Imagine that your car is breaking while you are driving on the highway. Typically it is necessary to carry out expensive towing and repair of the car and still counting indefinite delays. The chances of eliminating even more complicated site failures can be increased by using the augmented reality. If the cause of the problem is known, and if a suitable tool (or spare part) is available, special semi-permeable glasses can be fitted, through which the real space around us can be seen.

In addition, 3D objects are projected into these glasses (or tablet), which take you step-by-step without the need for mechanics assistance. Such applications already exist.

Augmented Reality (AR) is all that combines real-world recordings with computer-generated elements. One of the definitions generally permits that these accompanying (artificial) information may, for example, be an additional layer over the actual scene. The element of the augmented reality can be, for example, the continuous result of the hockey match, as we see it on the TV screen. Other definitions, however, rather reject this option and only consider those elements of the widespread reality that are sufficiently “embedded” in the scene (typically 3D objects).

The first practical use of AR appears in the army. The fighter pilot sees a beautiful sunset in the evening from the cockpit, which does not help the navigator much. Nowadays, usually with increased visibility, the pilot shows the relief of the landscape in a special helmet. other navigation information. Also, soldiers use special monocles (semi-permeable eyeglasses for one eye) where tactical data is displayed.

The principle of augmented reality rendering

A significant advantage of the practical deployment of augmented reality is minimum or no acquisition costs (these costs may be somewhat higher when using semi-permeable glasses – Figure 3-1).

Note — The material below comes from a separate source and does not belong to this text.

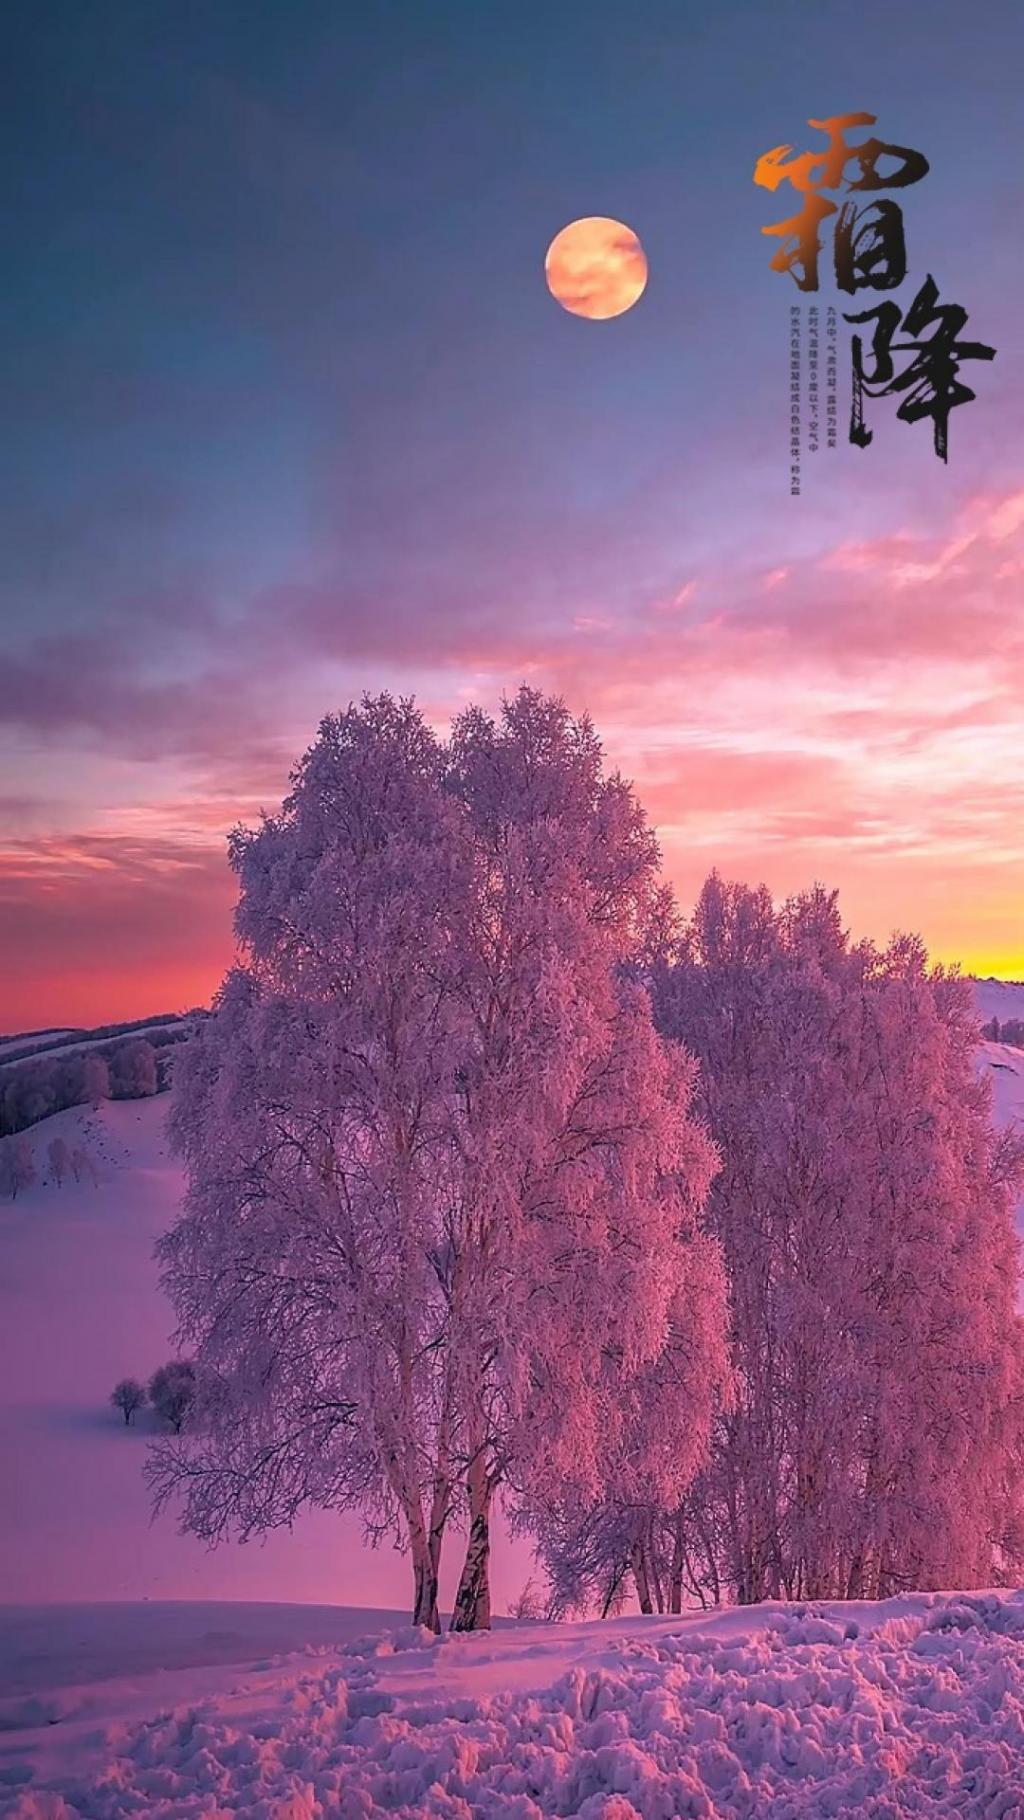 霜降唯美迷人雪景图片手机壁纸 网页图库手机版
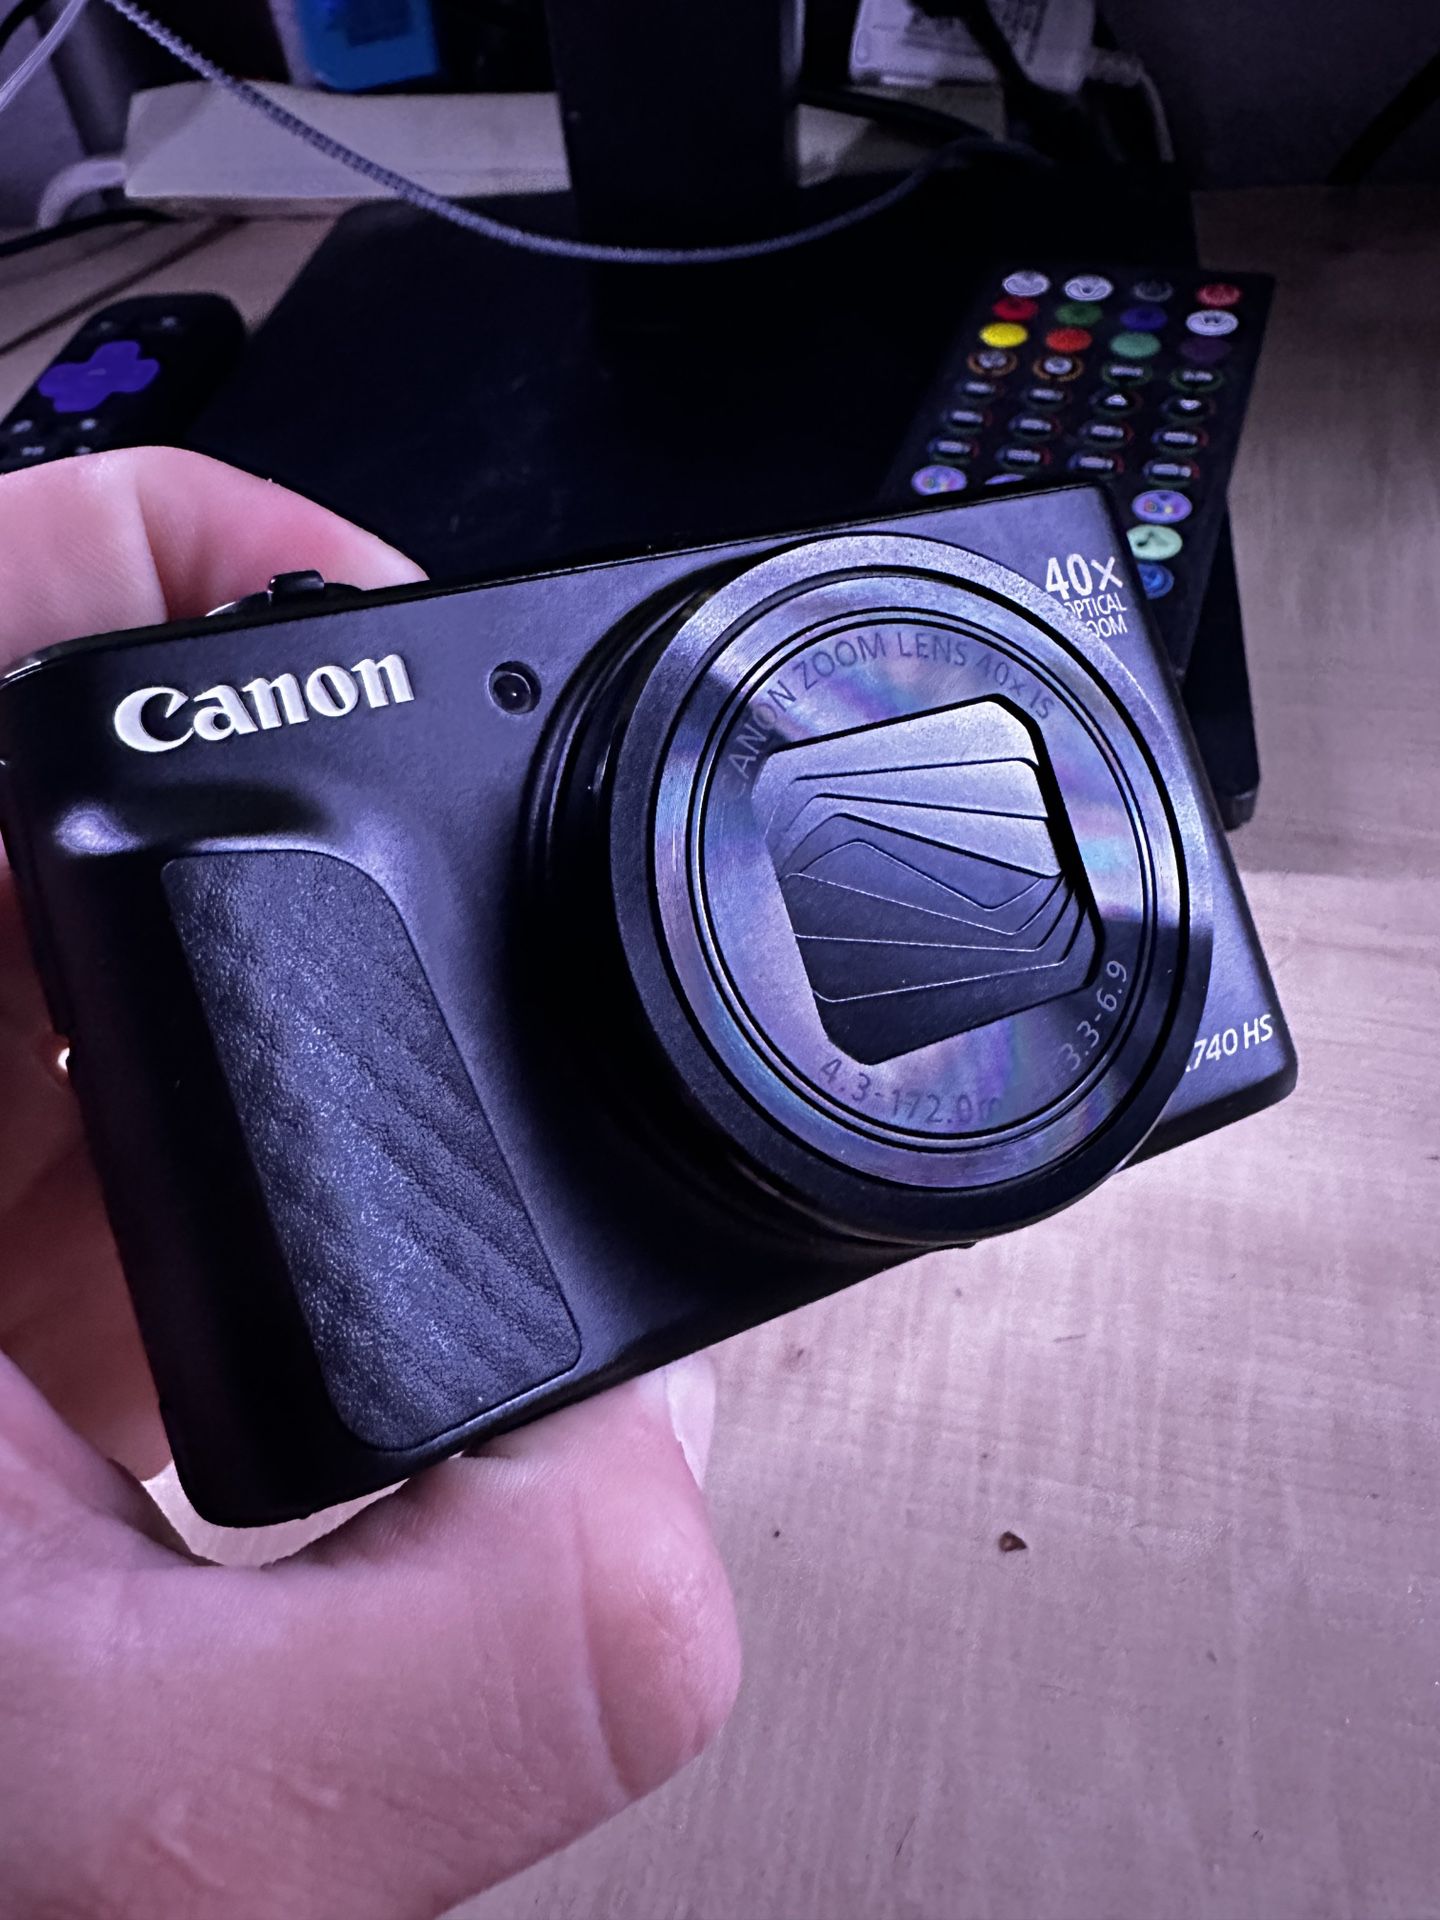 Canon SX 740 HS

Figure 2 illustrates how to add additional digital elements to the actual scene:

  • Scene capture – the scene is captured by the camera in real-time (but it is not a problem to make a recording, and it is additionally recognized, processed, and displayed by AR elements). Usually, a simple webcam is enough. For a more professional result, however, it is always better to have a webcam equipped with an autofocus function.
  • Scene recognition – Characteristic signs (as shown in Figure 2), so-called markers, images, are placed within the scene. The scene can even be “3D scanned” (3D markerless tracking). In the case of our sample, the marker determines the size and position of the sink. It is also necessary to process the scanned image and find these markings, or to detect the characteristics of the scene.
  • Scene processing – Based on the previous step, 3D models, virtual images, text, or even video is embedded in this scene. The processor (and mobile phone) usually has no problem processing the scene in real-time.
  • Scene display – a scene complemented by new objects is displayed on the display device, which may not necessarily be just a regular monitor, but it can also be a mobile phone or tablet screen, or a semi-permeable or impermeable glasses equipped with a camera. You can also use a partial display, such as Google Glass, for example.

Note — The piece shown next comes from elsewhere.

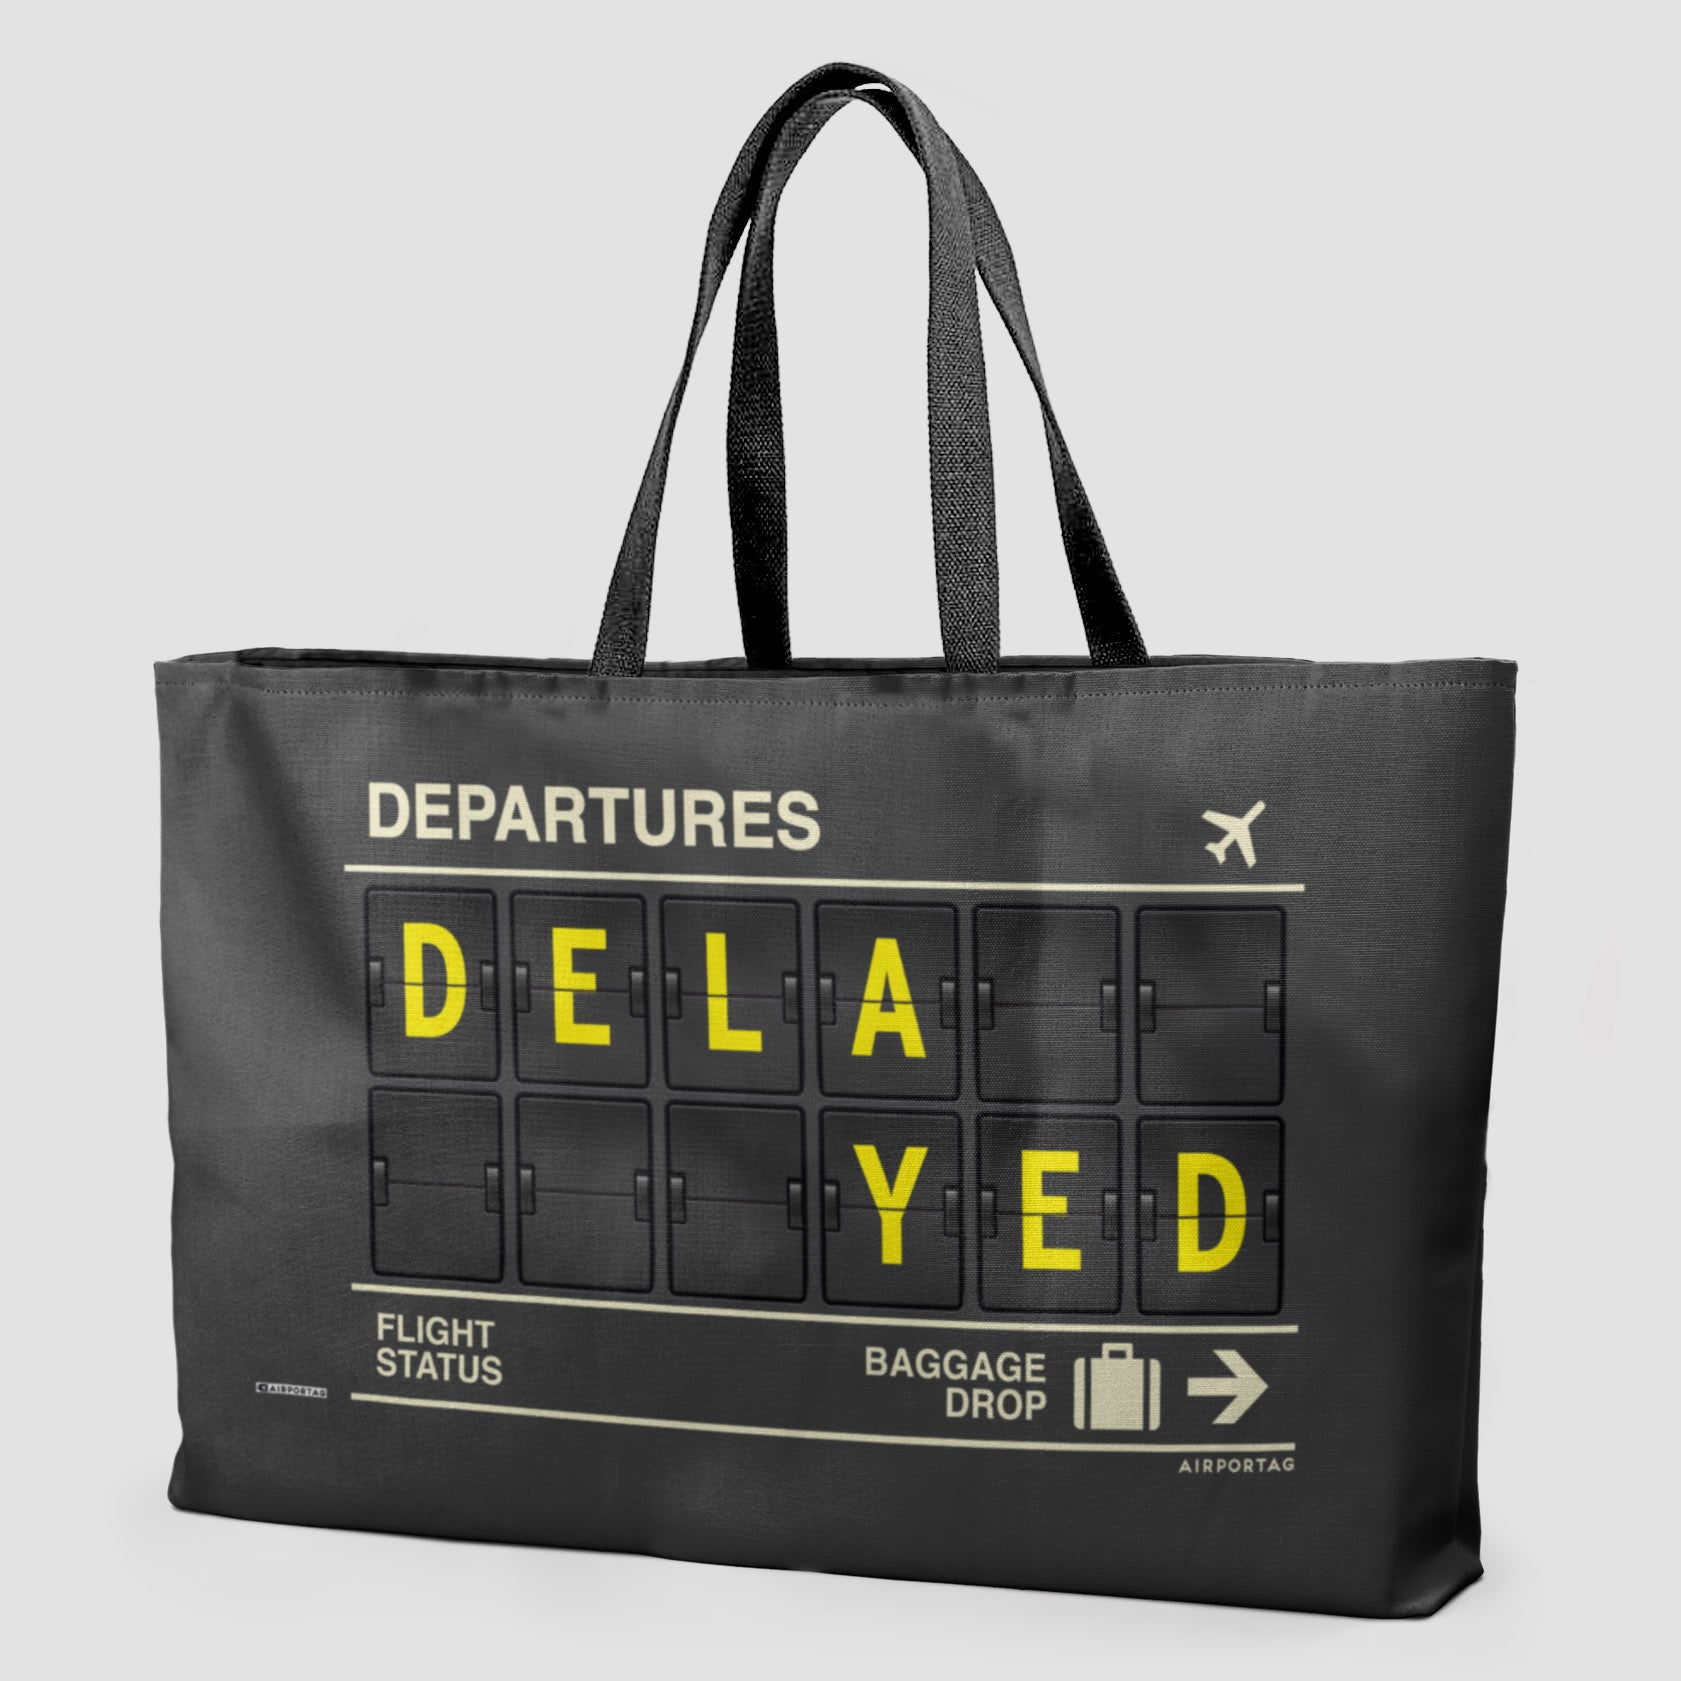 Delayed - Weekender Bag - Airportag

As input for tag insertion, only input image analysis may not always be used. For example, FlightRadar24, which displays, besides the actual image, the positions of all the aircraft just flying over your heads, considers GPS and compass data as input. Similar applications include, for example, Wikitraction AR or Sky Map navigation.

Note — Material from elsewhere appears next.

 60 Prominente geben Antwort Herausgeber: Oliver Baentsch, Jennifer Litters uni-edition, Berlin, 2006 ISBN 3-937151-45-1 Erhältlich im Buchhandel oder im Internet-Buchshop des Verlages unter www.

In the case of AR, the hardware is not a complex technology, the main part of the resulting effect is on the software side. Of course, it is possible to program “from scratch,” but it is also possible to use some programs such as BuildAR, Wikitude SDK or Metaio solutions to create a user-friendly application even under “home conditions”.

Augmented reality in production

The augmented reality finds its place in the production as well, there is a lot of opportunities to use it. In general, the expanded reality is particularly useful in logistics (according to DHL’s study, there are 11 possible ways of using AR), in hall planning and prototyping, and in virtual training.

Use in logistics

Pick-By-Vision solutions represent the greatest opportunity to use extended reality. It should be noted that no complete, commercially viable solution yet exists. The good news is, however, that Knapp, SAP, and Ubimax are in the testing stages for full commercial use. The vision of such a solution shown in Figure 3 is as follows. Warehouses will wear special glasses, displaying the requirements for picking up. Tasks are assigned either according to the occupation or according to which warehouse is closest. The warehouse is gradually navigated into individual aisles where it finds the relevant article. By simply looking at the bar code, the status of the item is changed to “transport” in the information system.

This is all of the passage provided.